Q&A with Beth Ciardi

By Mike Costanza

Director of Golisano Autism Center talks about her nonprofit and its work

The Golisano Autism Center brings 12 local nonprofits, including AutismUp, CP Rochester and the Al Sigl Community of Agencies, together under one roof to provide services for those who have autism and their families.

The neurological disorder, which is clinically referred to as autism spectrum disorder, can affect the mental, emotional and physical functioning of an adult or child, resulting in a variety of symptoms. While some who have autism can live fully independently, others require full-time care and support.

Though the GAC has but two full-time and one part-time employee, through its efforts 130 staff and volunteers collaborate to serve about 2,300 individuals and families each year.

In Good Health spoke to Beth Ciardi, the Golisano Autism Center’s director, about her nonprofit and its work.
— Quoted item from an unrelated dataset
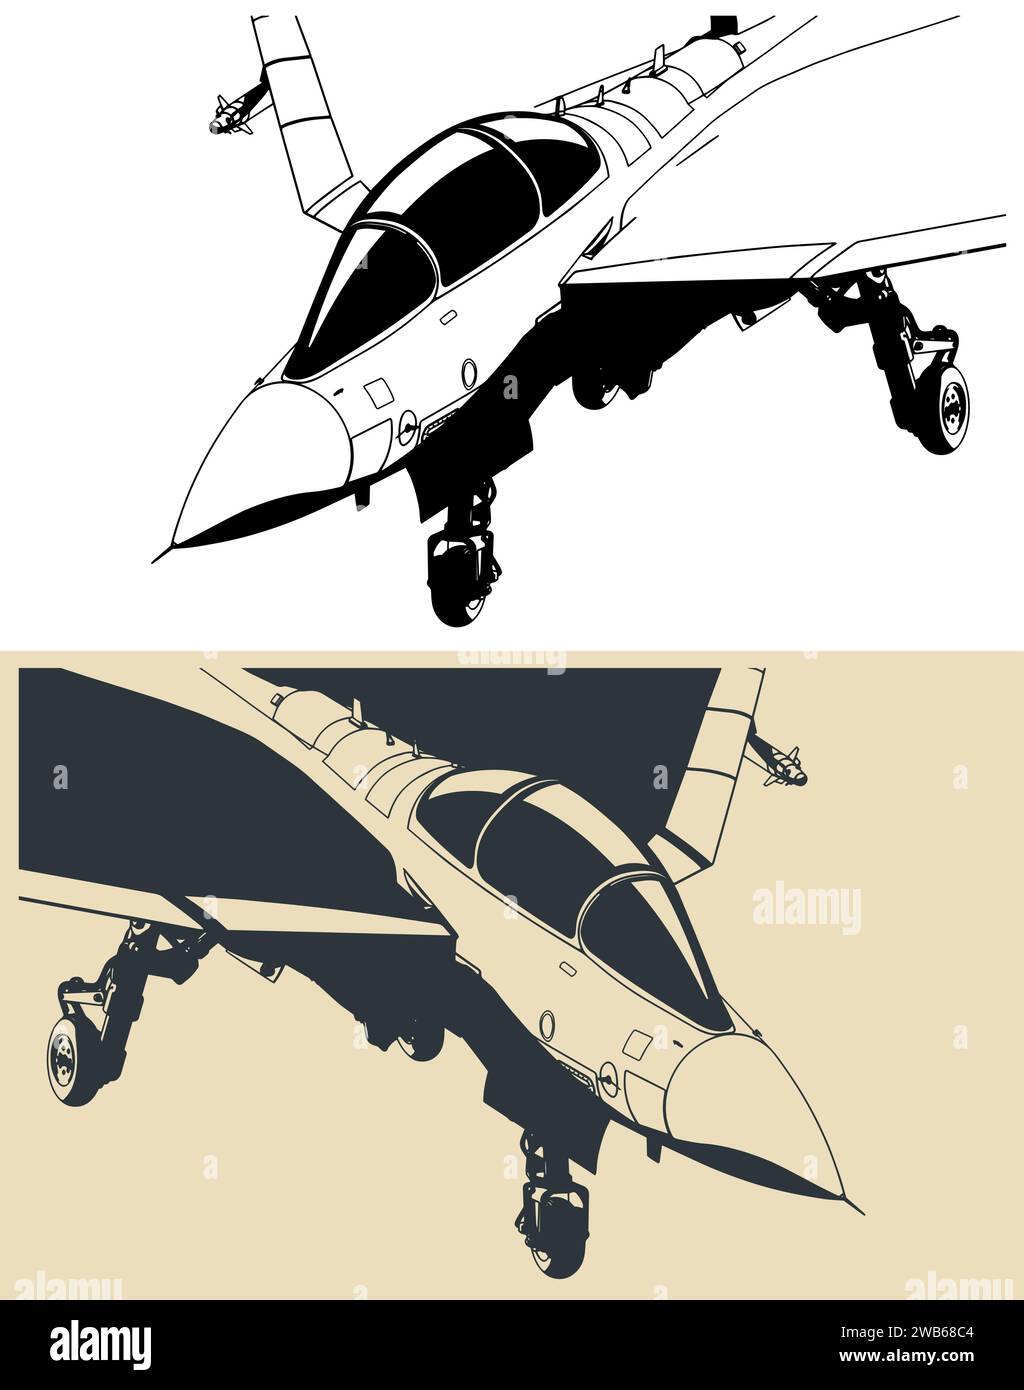 Stilisierte Zeichnung eines modernen Militärjets auf Basis eines leichten Trägers Stock Vektor

Q: What is autism spectrum disorder?

A: Autism spectrum disorder is a neurologically based developmental disorder that can present with difficulties in social interaction, communication challenges, intellectual disabilities, gross and fine motor delays, sensory impairments and medical issues. It varies widely in severity and symptoms and lasts throughout a person’s lifetime. The earliest signs of autism typically occur during the first three years of life and may develop gradually.

Q: What makes autism a spectrum disorder?

A: Autism being a spectrum disorder means people can have varying abilities and support needs. One third of autistic people also have an intellectual disability. Some have high support needs, which may mean that they require full time care and support. Some people may need a bit of support with day-to-day activities, while others live fully independent lives. With proper support and creative opportunities, most people with autism live fulfilling lives.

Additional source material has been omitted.